◆ Recorded data:
--
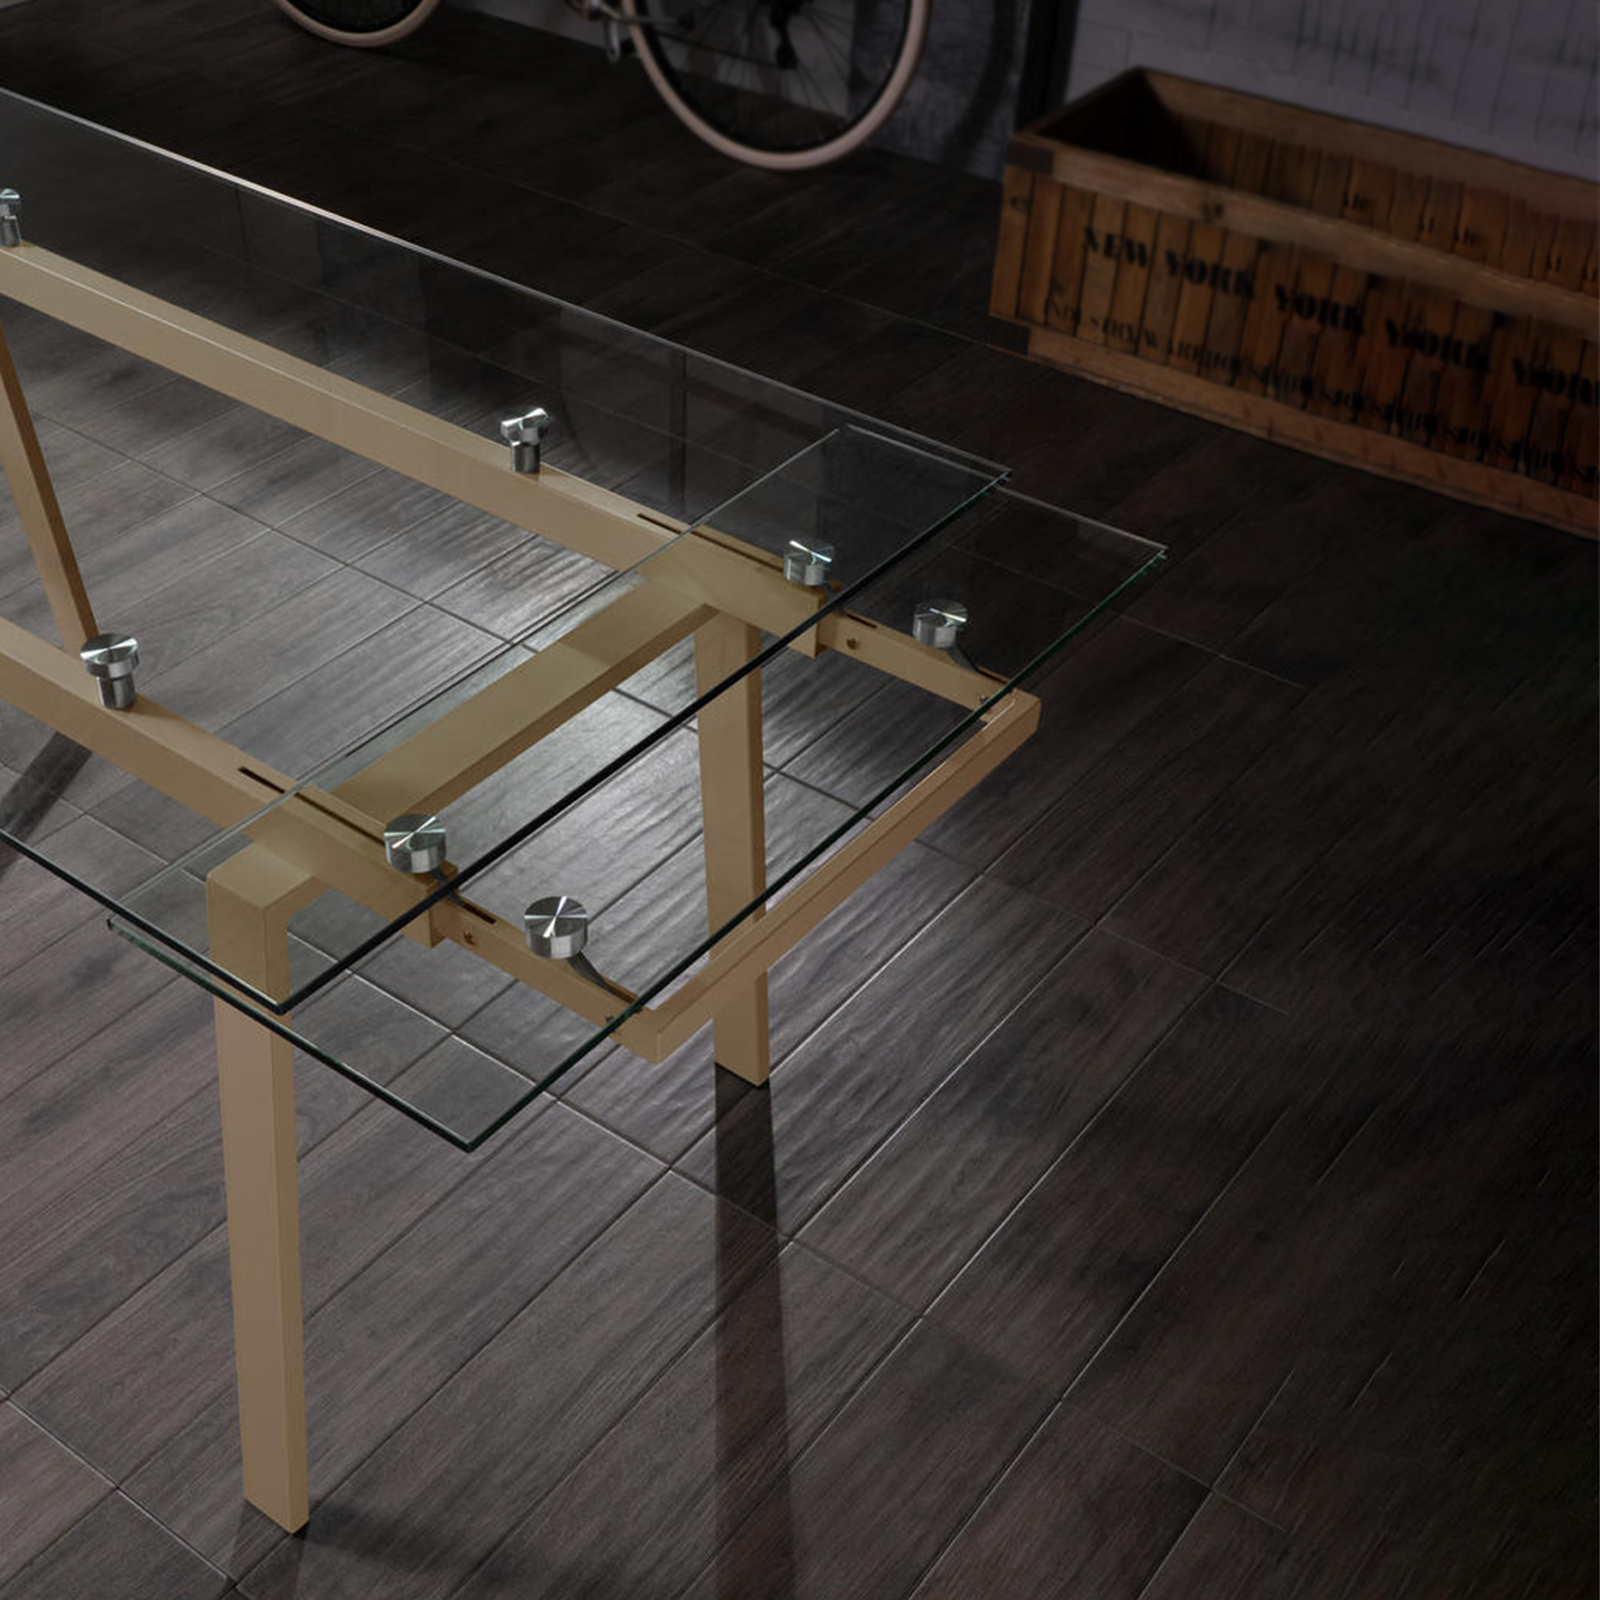 Table extensible en verre trempé pieds métal Tommy 140/200x80 cm 76h
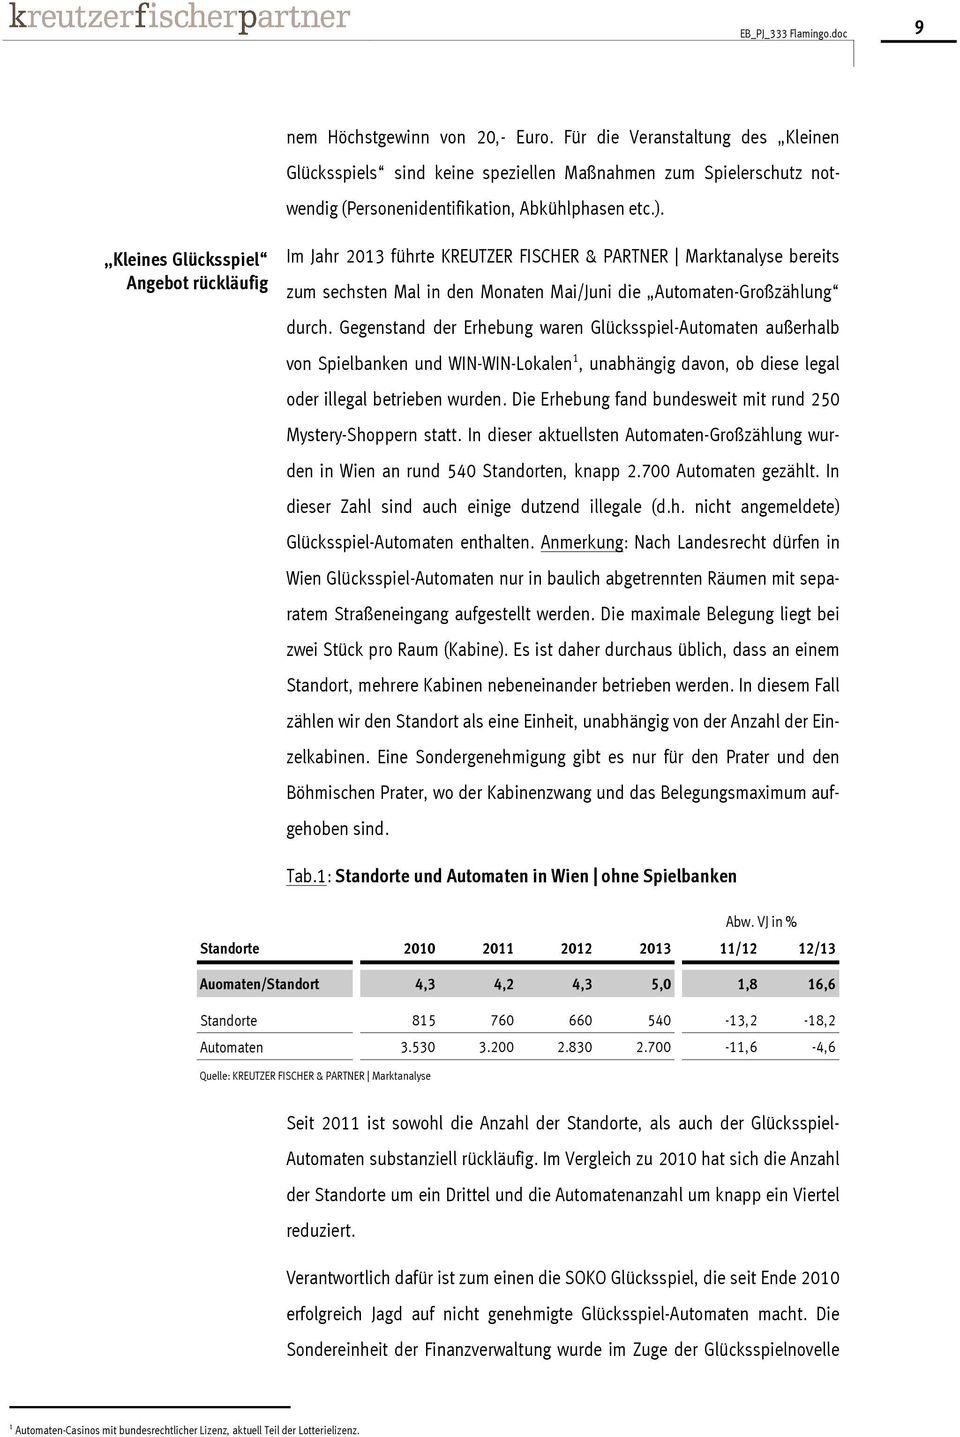 Kleines Glücksspiel Angebot rückläufig Im Jahr 2013 führte KREUTZER FISCHER & PARTNER Marktanalyse bereits zum sechsten Mal in den Monaten Mai/Juni die Automaten-Großzählung durch.
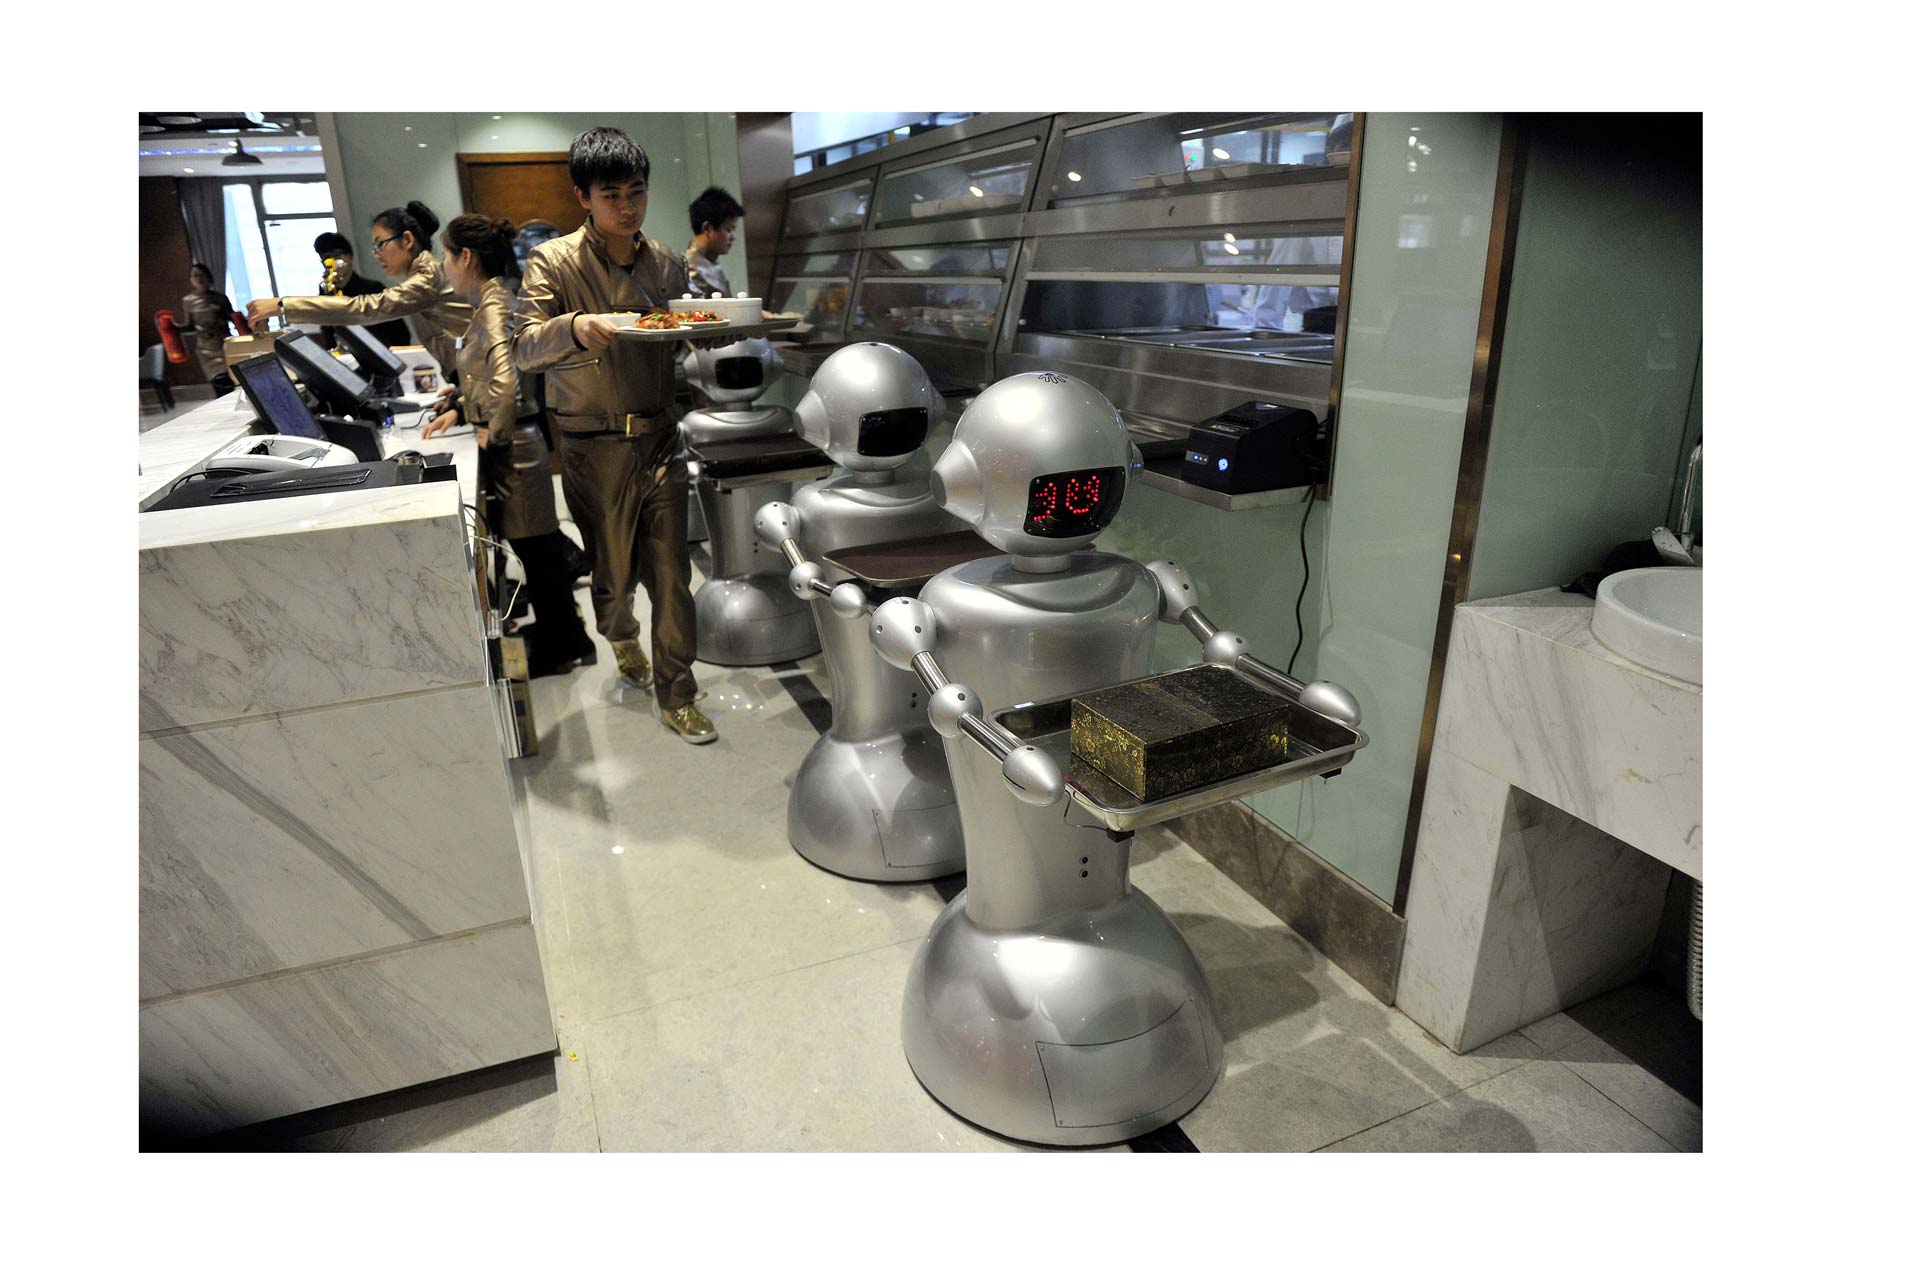 Un restaurante chino decidió “despedir” a los camareros robóticos debido a que no hacían bien su trabajo
--
◆ Task item: Your copy should hold exactly the lines from the line bearing "Kleines Glücksspiel Angebot" through the end of the data, both included, and no pictures or anything further.

◆ Finished exercise:
 Kleines Glücksspiel Angebot rückläufig Im Jahr 2013 führte KREUTZER FISCHER & PARTNER Marktanalyse bereits zum sechsten Mal in den Monaten Mai/Juni die Automaten-Großzählung durch.
 Un restaurante chino decidió “despedir” a los camareros robóticos debido a que no hacían bien su trabajo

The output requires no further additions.